Key to a successful discovery campaign of such chemical probes is the availability of reliable screening methods that could enable medium- to high-throughput screening with low false-positive and false-negative rates. Various assays including mass spectrometry,32, 33, 34 fluorescence, and radiometric assays have been used for screening libraries of compounds. Mass spectrometry-based assays require more expensive instrumentation and expertise. Fluorescence assays can be performed in any lab; however, many fluorescent compounds in chemical libraries may increase the background and lead to high numbers of false positives to triage following screening large libraries. Radiometric assays are typically more reliable and have fewer false positives, leading to identifying more reliable screening hits. In this study, we have developed a radiometric assay for nsp14 and employed this assay for screening a small library of selected SAM competitive inhibitors and analogs.

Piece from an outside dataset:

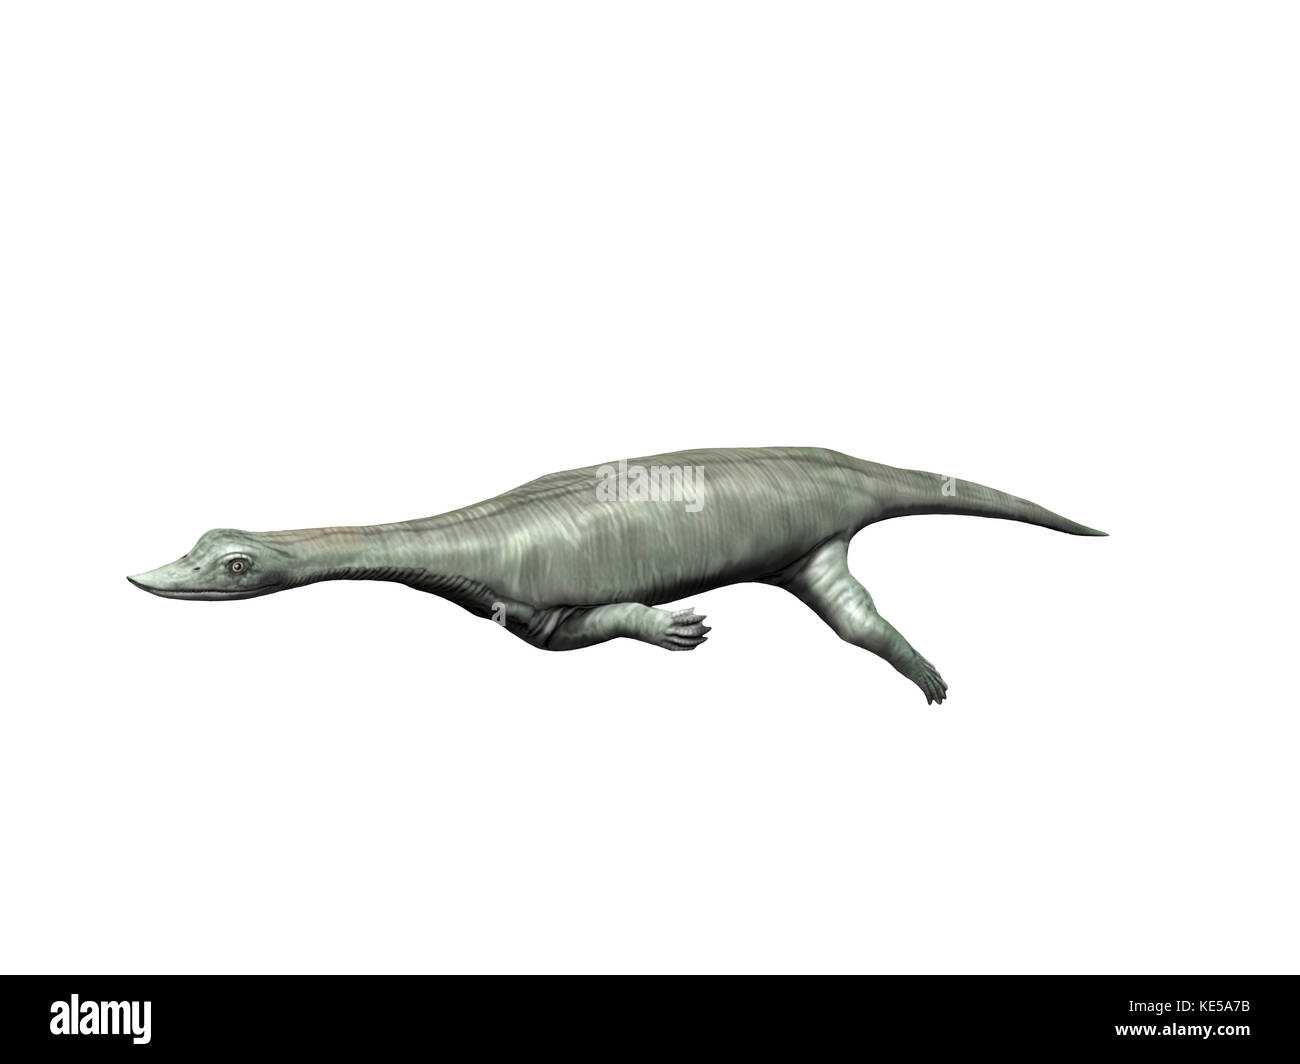 Wumengosaurus aquatic reptile from the Middle Triassic period. Stock Photo

Targeting the SAM binding site has successfully led to the discovery of chemical probes for human MTases such as DOT1L, , EZH2/EZH1, and SMYD2. Synthesis of adenine dinucleoside SAM analogs as specific inhibitors of SARS-CoV (SARS) nsp14 RNA cap guanine-N7-MTase activity has also been recently reported. SS148 (nsp14 IC50 = 70 ± 6 nM) was reported as a DOT1L inhibitor with a nitrile as a nontraditional replacement for heavy halogen atoms. This is consistent with the selectivity of SS148 against all other protein lysine methyltransferases (PKMTs) due to narrower active sites that could not fit the added nitrile group (Fig. 4). Keeping this substitution in designing future nsp14 inhibitors will provide selectivity against PKMTs. WZ16 and compound 8 are PRMT4 (CARM1) inhibitors. Although compound 8 is a relatively weak nsp14 inhibitor (IC50 = 95 ± 6 µM), it is likely cell permeable (US20180305391A1). JL27-56A1 is known to modestly inhibit nicotinamide N-methyltransferase (NNMT). , Optimization of these series for NNMT resulted in the discovery of MS2734, a bisubstrate inhibitor. DS0464 and DS0466 were originally designed for DOT1L inhibition. DS0464, with replacement of the amino acid moiety with a physicochemically more favorable phenyl-ethyl-urea, retains significant nsp14 inhibitory activity (IC50 = 1.1 ± 0.2 µM). Structural modeling and kinetic data both suggest a mechanism of inhibition consistent with bisubstrate competition. These data reveal a path to developing a series of bifunctional inhibitors to increase the potency of nsp14 SAM competitive inhibitors. Interestingly, DS0464 was selective against 28 out of 33 human RNA, DNA, and protein MTases, indicating a path to developing selective bisubstrate inhibitors toward the discovery of therapeutics for COVID-19 and closely related coronaviruses. In this study, we developed a radiometric assay for nsp14 MTase activity, determined the kinetic parameters, and optimized the assay for high-throughput screening. Through limited screening of SAM competitive inhibitors, we identified six confirmed hits that we used to probe the active site of nsp14. Our study revealed a path toward developing selective bisubstrate inhibitors for nsp14.